Now, if TSS gives us the total variation in Y, and RSS gives us the variation in Y not explained by X, then TSS-RSS gives us the variation in Y that is explained by our model! We can simply divide this value by TSS to obtain the proportion of variation in Y that the model explains. And this ours R-squared statistic!

R-square = (TSS-RSS) / TSS

= Variation explained / Total variation

= 1 – Unexplained variation / Total variation

Then, R squared gives the degree of variability in the target variable that is explained by the model or the independent variables. If this value is 0,7, means that the independent variables explain the 70% of the variation in the target variable.

The value of R squared is always between 0 Y 1. A higher R squared value indicates a greater amount of variability explained by our model and vice versa..

If we had a really low RSS value, it would mean that the regression line was very close to the real points. This means that the independent variables explain most of the variation in the target variable.. In that case, we would have a really high R-squared value.

r2-decrease-6795273

Conversely, if we had a really high RSS value, it would mean that the regression line would be very far from the real points. Therefore, the independent variables fail to explain most of the variation in the target variable.

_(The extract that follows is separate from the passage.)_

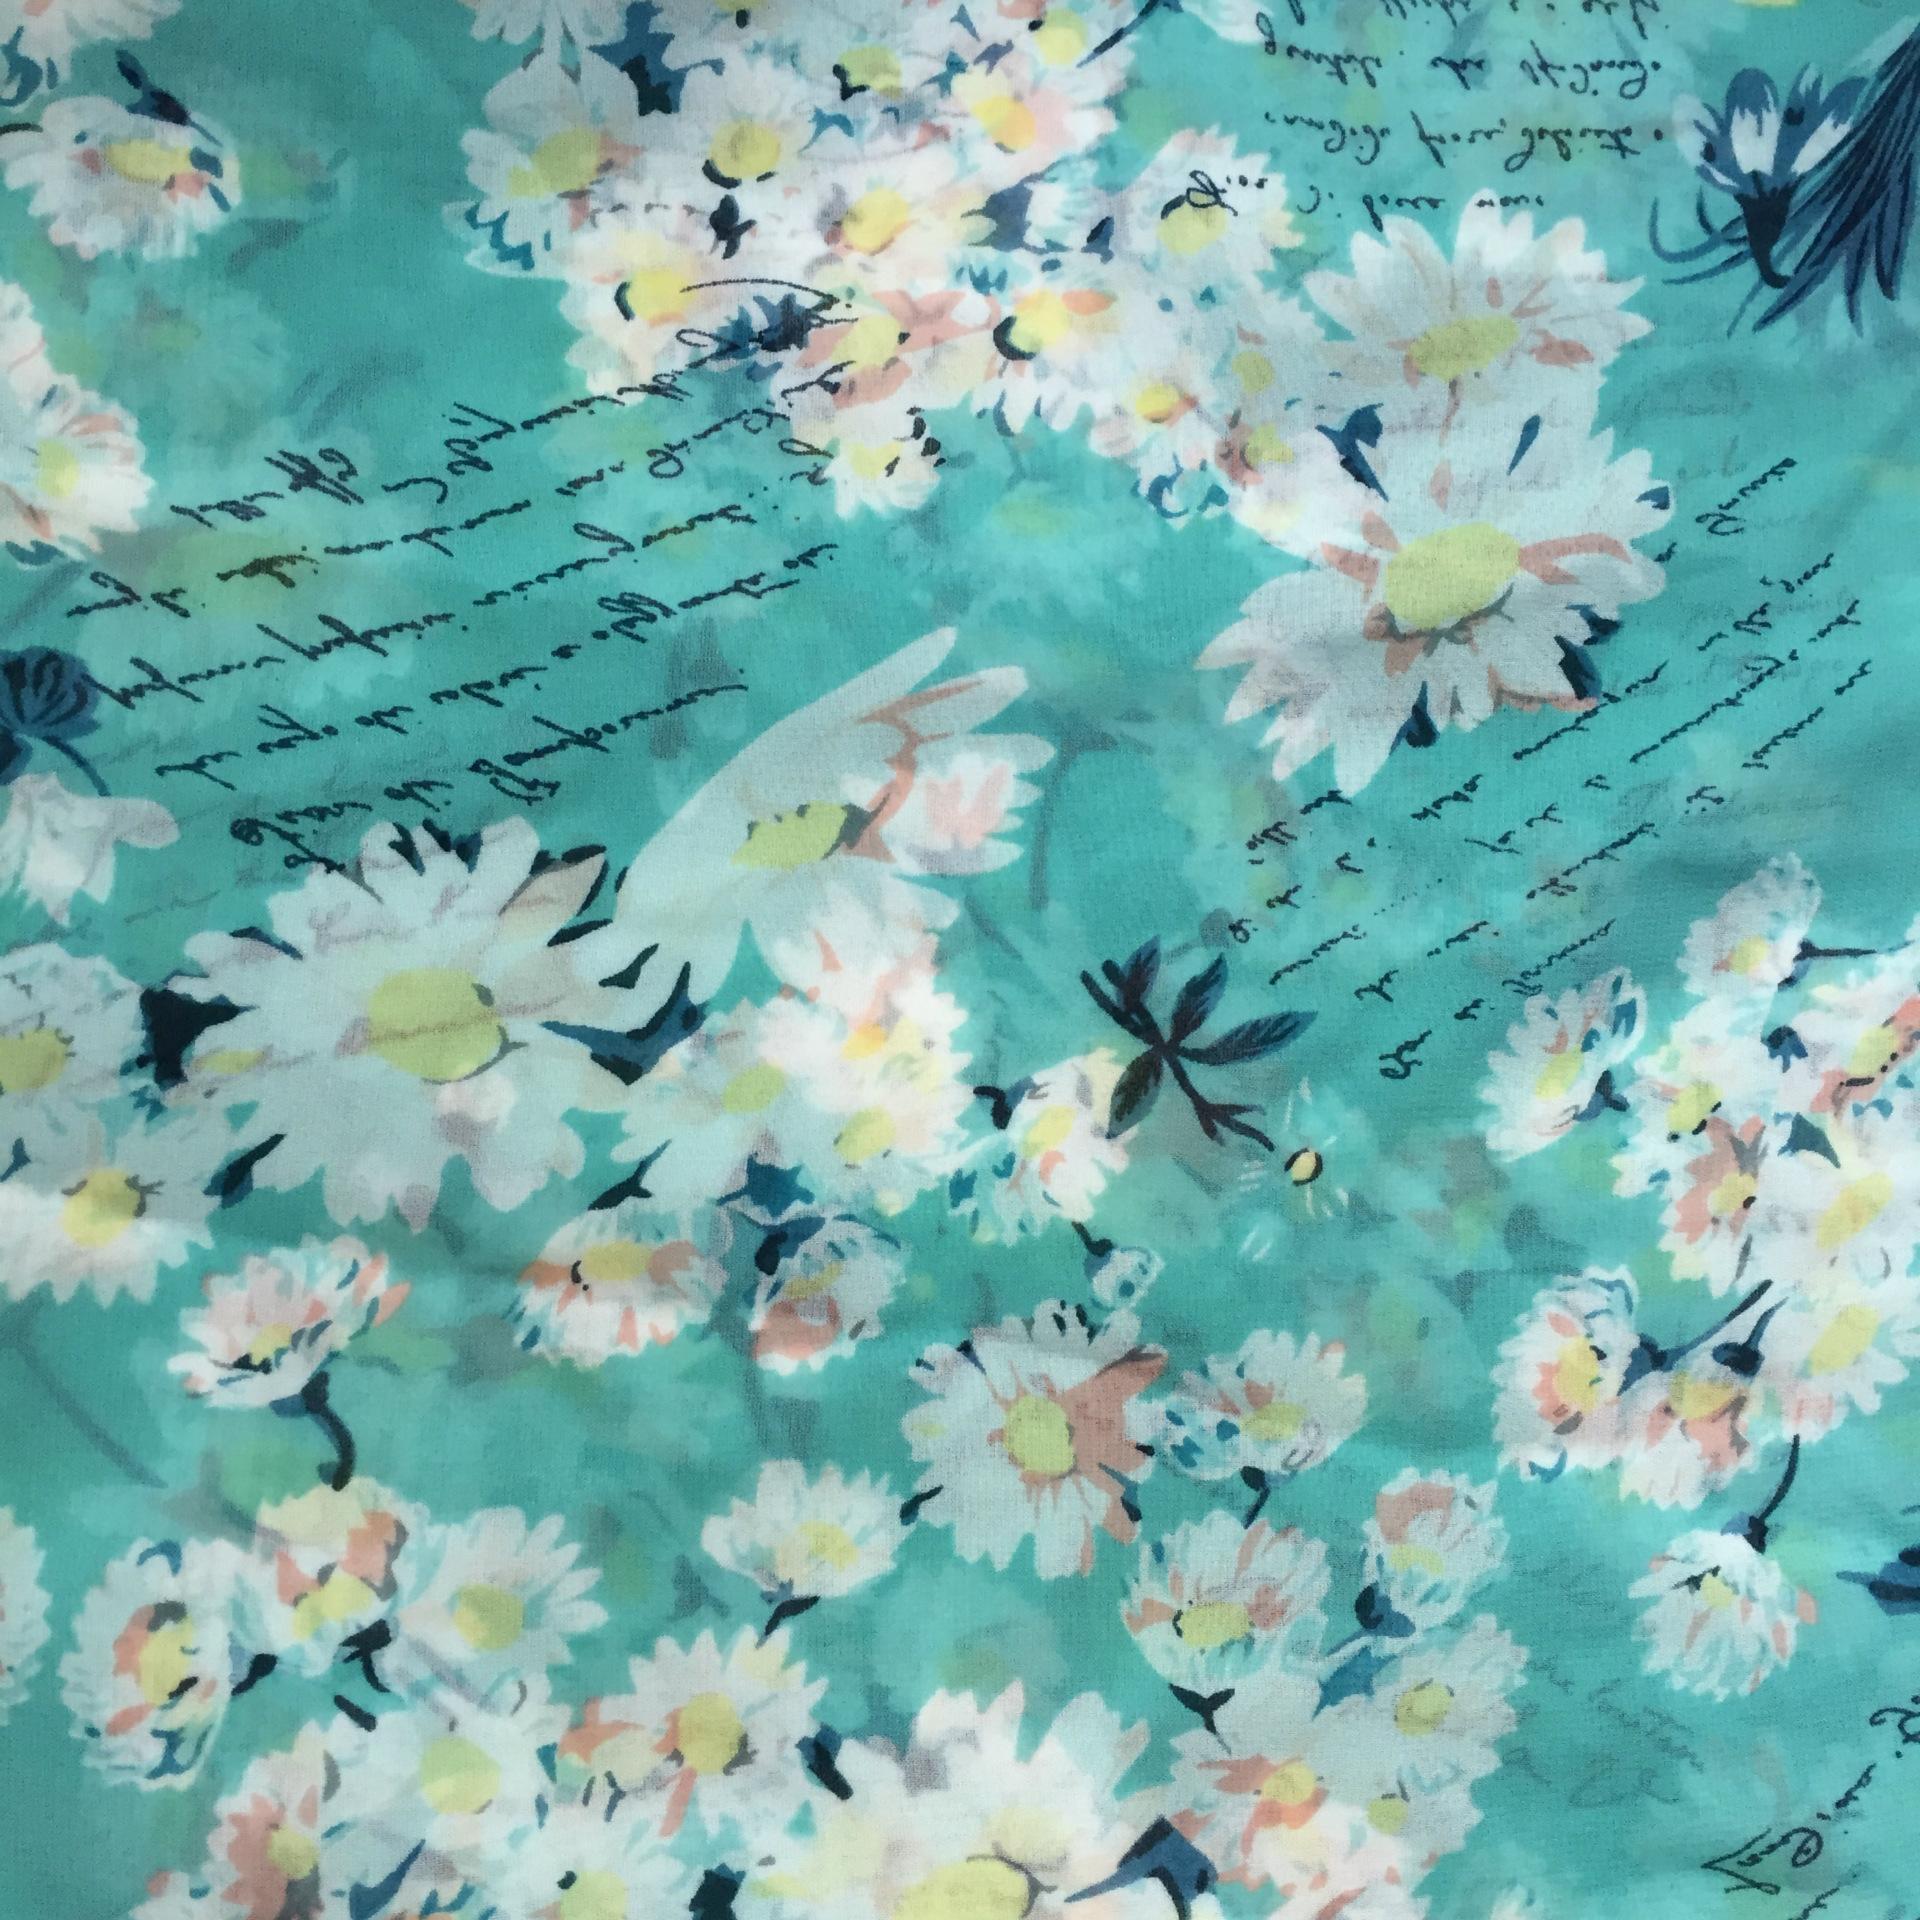 绒雪纺碎花系列――太阳花+英文 蓝绿为主色调,轻柔舒滑

This would give us a really low R-squared value.

r2-increase-8129349

Then, this explains why the R-squared value gives us the variation in the target variable given by the variation in the independent variables.

Problems with the R-squared statistic

The R squared statistic is not perfect. In fact, suffers from a major defect. Its value never decreases no matter how many variables we add to our regression model. Namely, even if we add redundant variables to the data, the value of R squared does not decrease. Either stays the same or increases with the addition of new independent variables. This clearly does not make sense because some of the independent variables may not be useful in determining the target variable.. Adjusted R-square takes care of this problem.

Adjusted R-squared statistic

The adjusted R-squared takes into account the number of independent variables used to predict the target variable.. In doing so, we can determine whether adding new variables to the model actually increases the fit of the model.

Let's take a look at the adjusted R-squared formula to better understand how it works..

edit-7483220

Here,

  • North represents the number of data points in our data set
  • k represents the number of independent variables, Y
  • R represents the R squared values ​​determined by the model.

Then, if R-squared does not increase significantly with the addition of a new independent variable, then the adjusted R-squared value will actually decrease.

edit1-4884371

Secondly, if when adding the new independent variable we see a significant increase in the value of R squared, then the adjusted R squared value will also increase.

edit2-6309527

We can see the difference between the R squared and adjusted R squared values ​​if we add a random independent variable to our model.

result-1018955

As you can see, adding a random independent variable did not help explain the variation in the target variable. Our R squared value remains the same. Therefore, gives us a false indication that this variable could be useful in predicting the output. But nevertheless, the adjusted R-squared value decreased, which indicated that this new variable is not actually capturing the trend in the target variable.

Clearly, it is better to use adjusted R-squared when there are multiple variables in the regression model. This would allow us to compare models with different numbers of independent variables.

Final notes

In this article, we analyze what the R-squared statistic is and where it fails. We also take a look at adjusted R squared.

Hopefully, this has given him a better understanding of things. Now you can wisely determine which independent variables are useful in predicting the outcome of your regression problem..

To learn more about other evaluation metrics, I suggest checking out the following great resources:

Subscribe to our Newsletter

We will not send you SPAM mail. We hate it as much as you.